# Quale supporto per un backup di dati ?

## orionx77

Ciao a tutti !

mi trovo ad avere molte foto e video da metter al sicuro nel tempo, ho pensatio di masterizzare dvd di diverse marche ,visto che non mi fido cecamente di nessuna in particolare in quanto a durata nel tempo.Fare due copie per ogni dvd in modo da tenerne uno per la consultazione e uno come originale da prendere solo in caso si danneggi quello per consultazione. Qualche altro consiglio ?

stavo pensando di  comprare un disco usb esterno per tenere gli originali (non per consultazione) dite che duri di piu' nel tempo rispetto ad un dvd masterizzato ?

Se uso dvd e' il caso di rifarne copie nuove ogni tot di anni ?

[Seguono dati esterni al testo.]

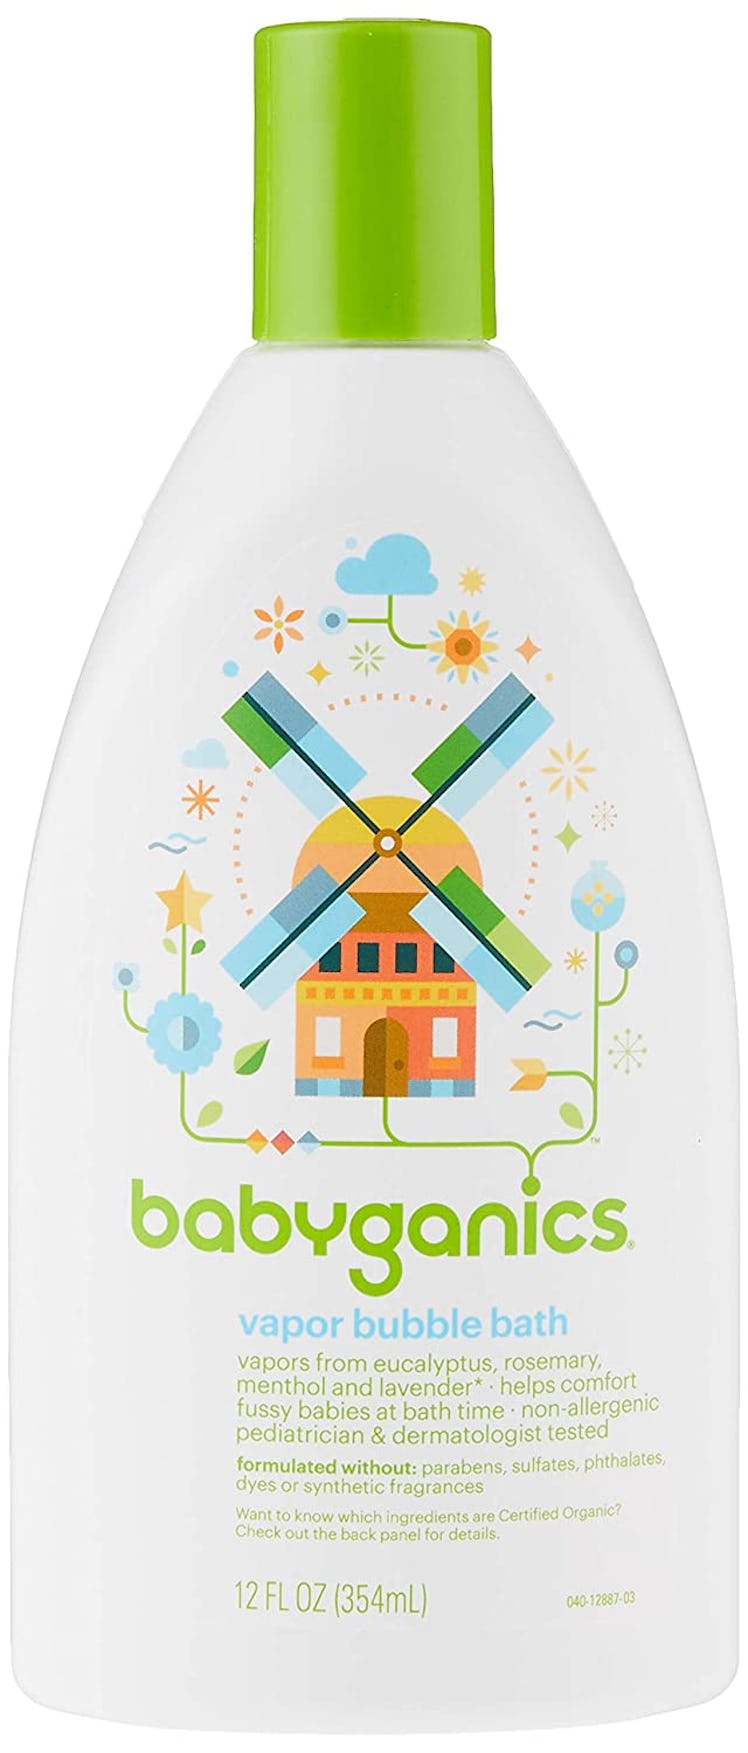 Vapor Bubble Bath by BabyGanics

penso sia un argomento che possa interesare un po tutti  :Smile: 

ne parliamo ??

grazie !

----------

## .:chrome:.

dipende da cosa devi farne del backup. se dev essere qualcosa che vuoi utilizzare "al volo" va bene il DVD, ma ha la rottura che non puoi fare backp incrementali.

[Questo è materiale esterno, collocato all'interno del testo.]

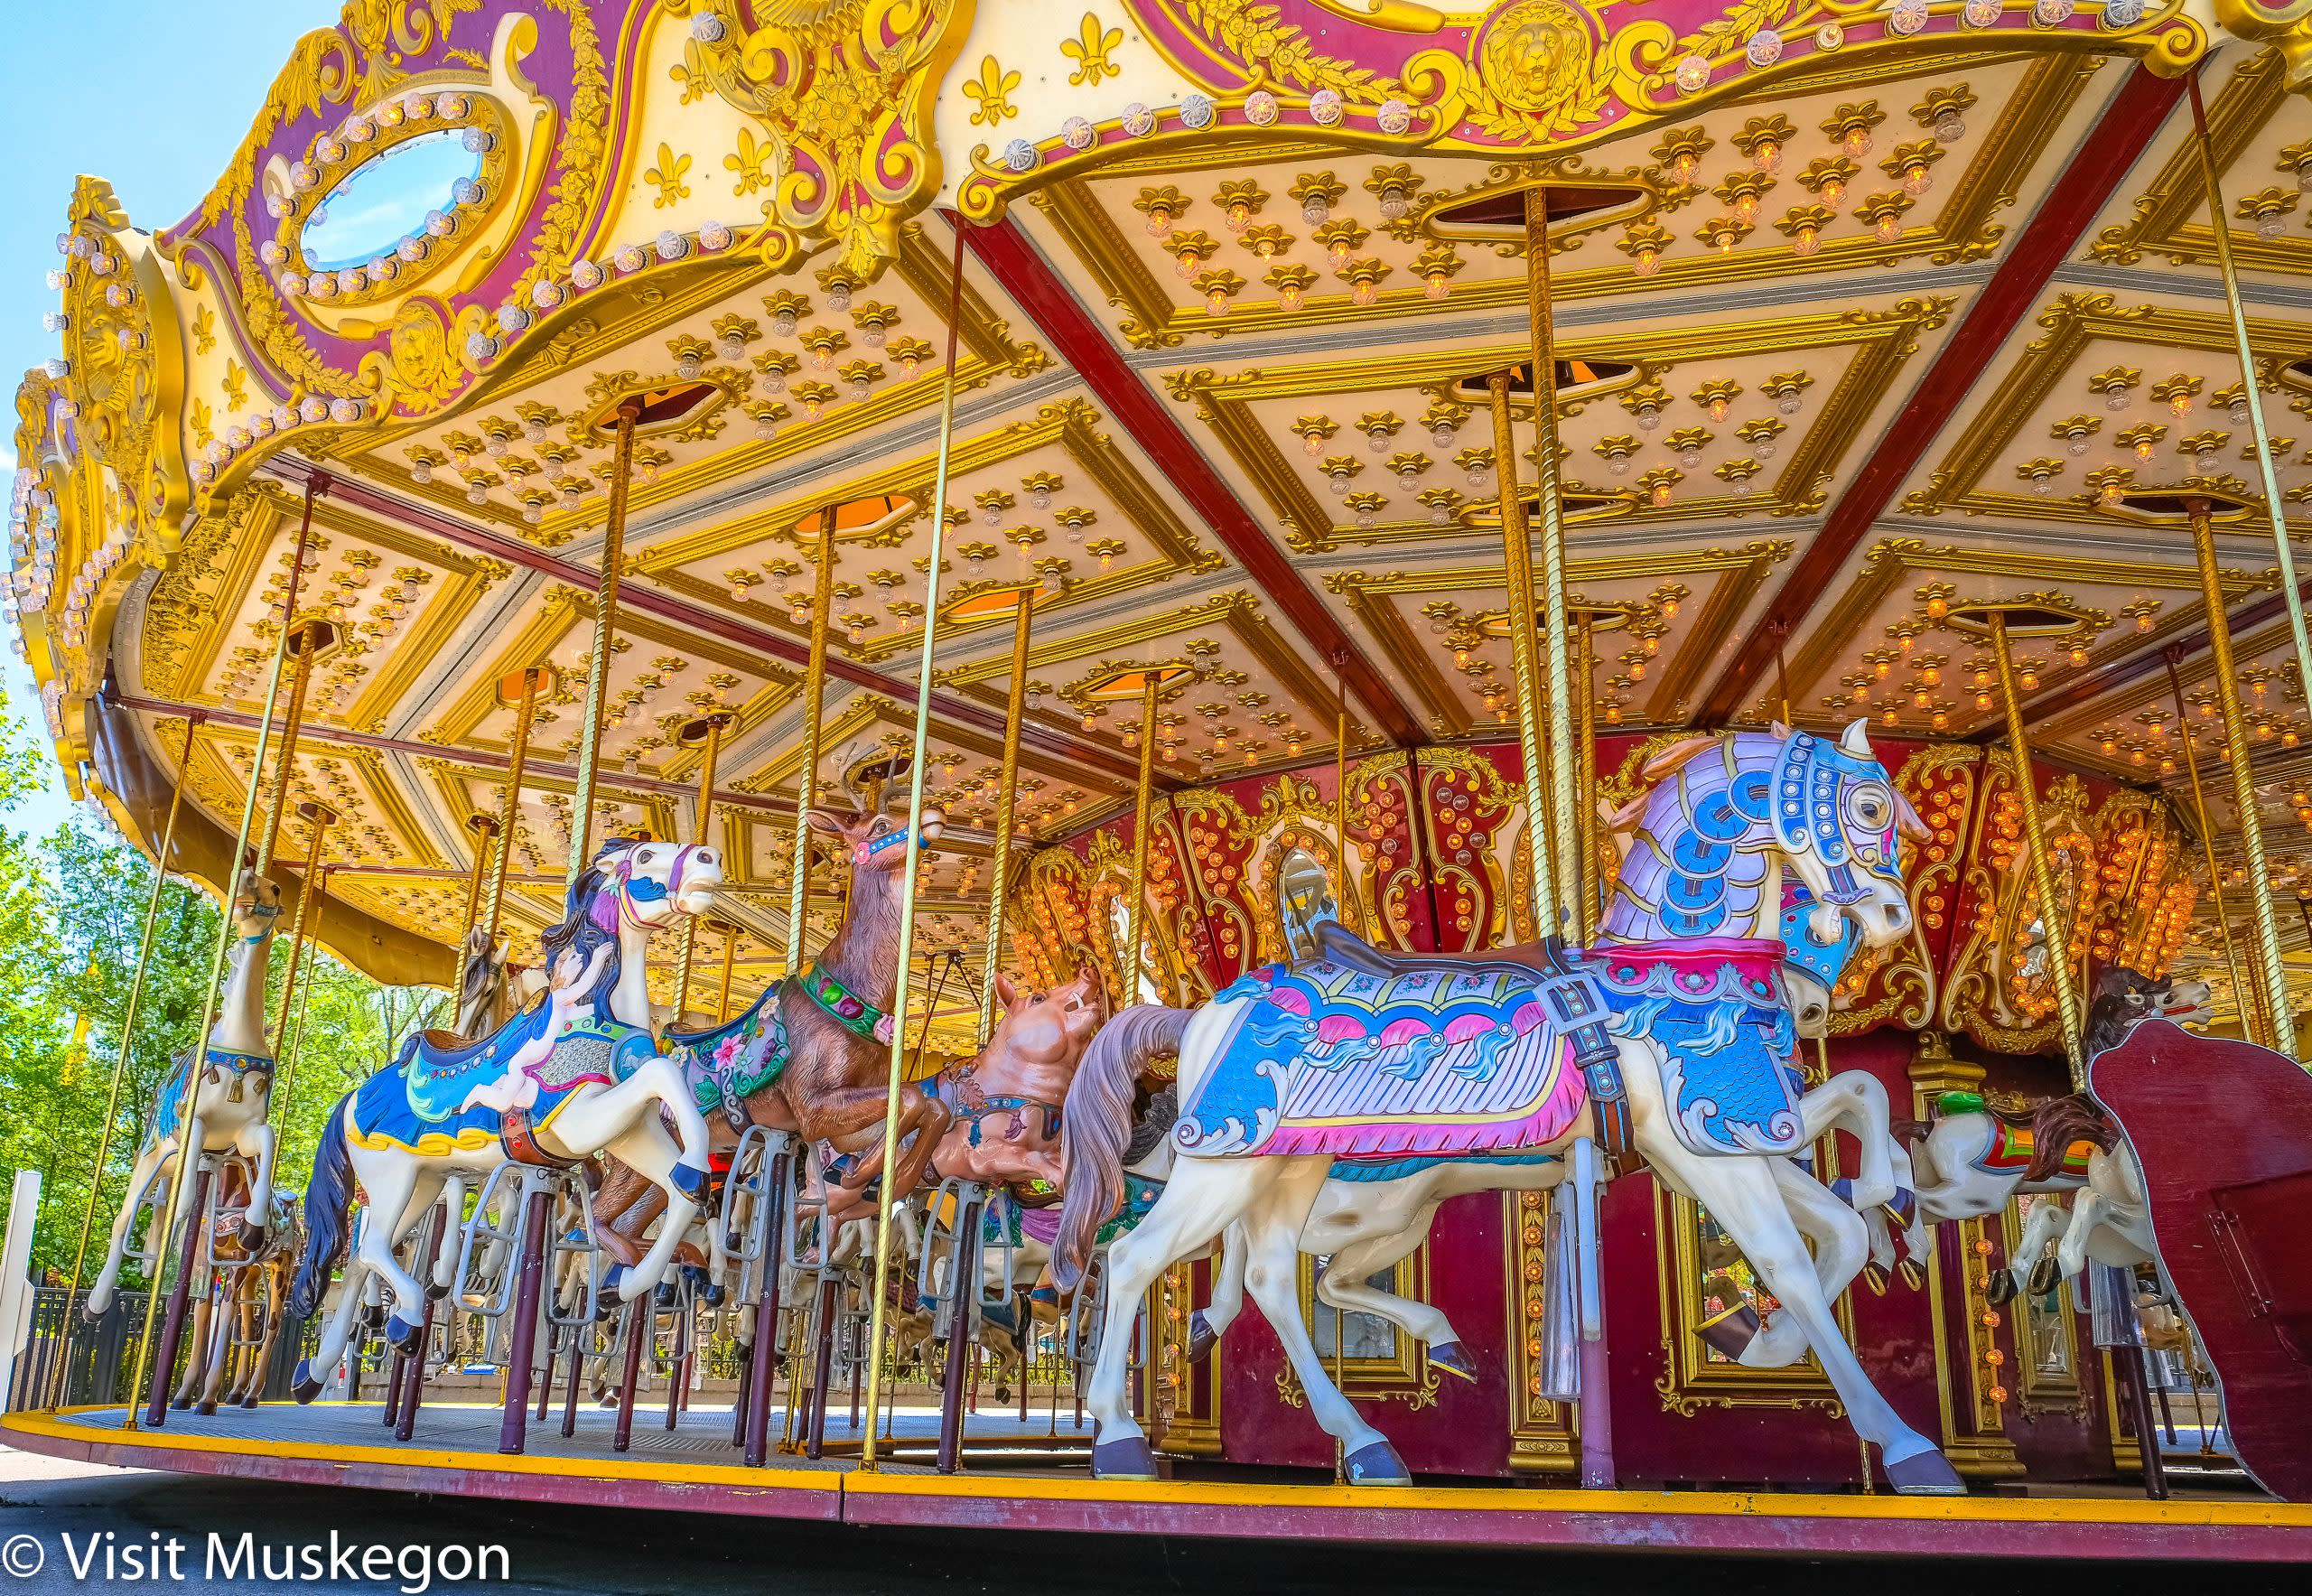 brightly painted horses on illuminated merry go round

quando si tratta di backup io preferisco usare i DAT. secondo me sono davvero il top.

a questo punto ti tieni il tuo archivio, e poi il DAT pronto da sfoderare in caso succeda qualcosa di spiacevole

----------

## orionx77

si tratta di foto e video personali vacanze e altri eventi. 

non devo implementarli solo tenerli per sicurezza visto che ho tutto  sull'hard disk e ho paura che un giorni non funzioni piu' a causa di un difetto meccanico o altro.

----------

## !equilibrium

 *Quote:*   

> Se uso dvd e' il caso di rifarne copie nuove ogni tot di anni ?

 

è noto che la durata di CD e DVD è di massimo 5 anni, poi iniziano a perdere i dati, dal 2005 il GIPWoG (National Institute of Standards and Technology's Government Information Preservation Working Group) sta sviluppando una nuova tecnologia per creare supporti magnetici con date di scadenza più ampi (dai 20 anni in su);

----------

## !equilibrium

 *orionx77 wrote:*   

> non devo implementarli solo tenerli per sicurezza visto che ho tutto  sull'hard disk e ho paura che un giorni non funzioni piu' a causa di un difetto meccanico o altro.

 

questo è il rischio che corri ad usare fotocamere digitali, considera che la vita media di una memory card è ancora più bassa di un DVD  :Wink:  per questo e per altre ottime ragione tutte le mie foto sono su pellicola medioformato (durata garantita non inferiore ai 120 anni).

----------

## funkoolow

io per i miei backup importanti ho attuato la soluzione "cassetto hd rimovibile", montandoci dentro un hd da 80gb che inserisco all'occorrenza e che tengo sincronizzato (circa 1 volta / settimana) con i miei dati importanti grazie al supremo rsync  :Wink: 

----------

## Ilvalle

Io utilizzo un semplicissimo hd esterno con questo semplicissimo script.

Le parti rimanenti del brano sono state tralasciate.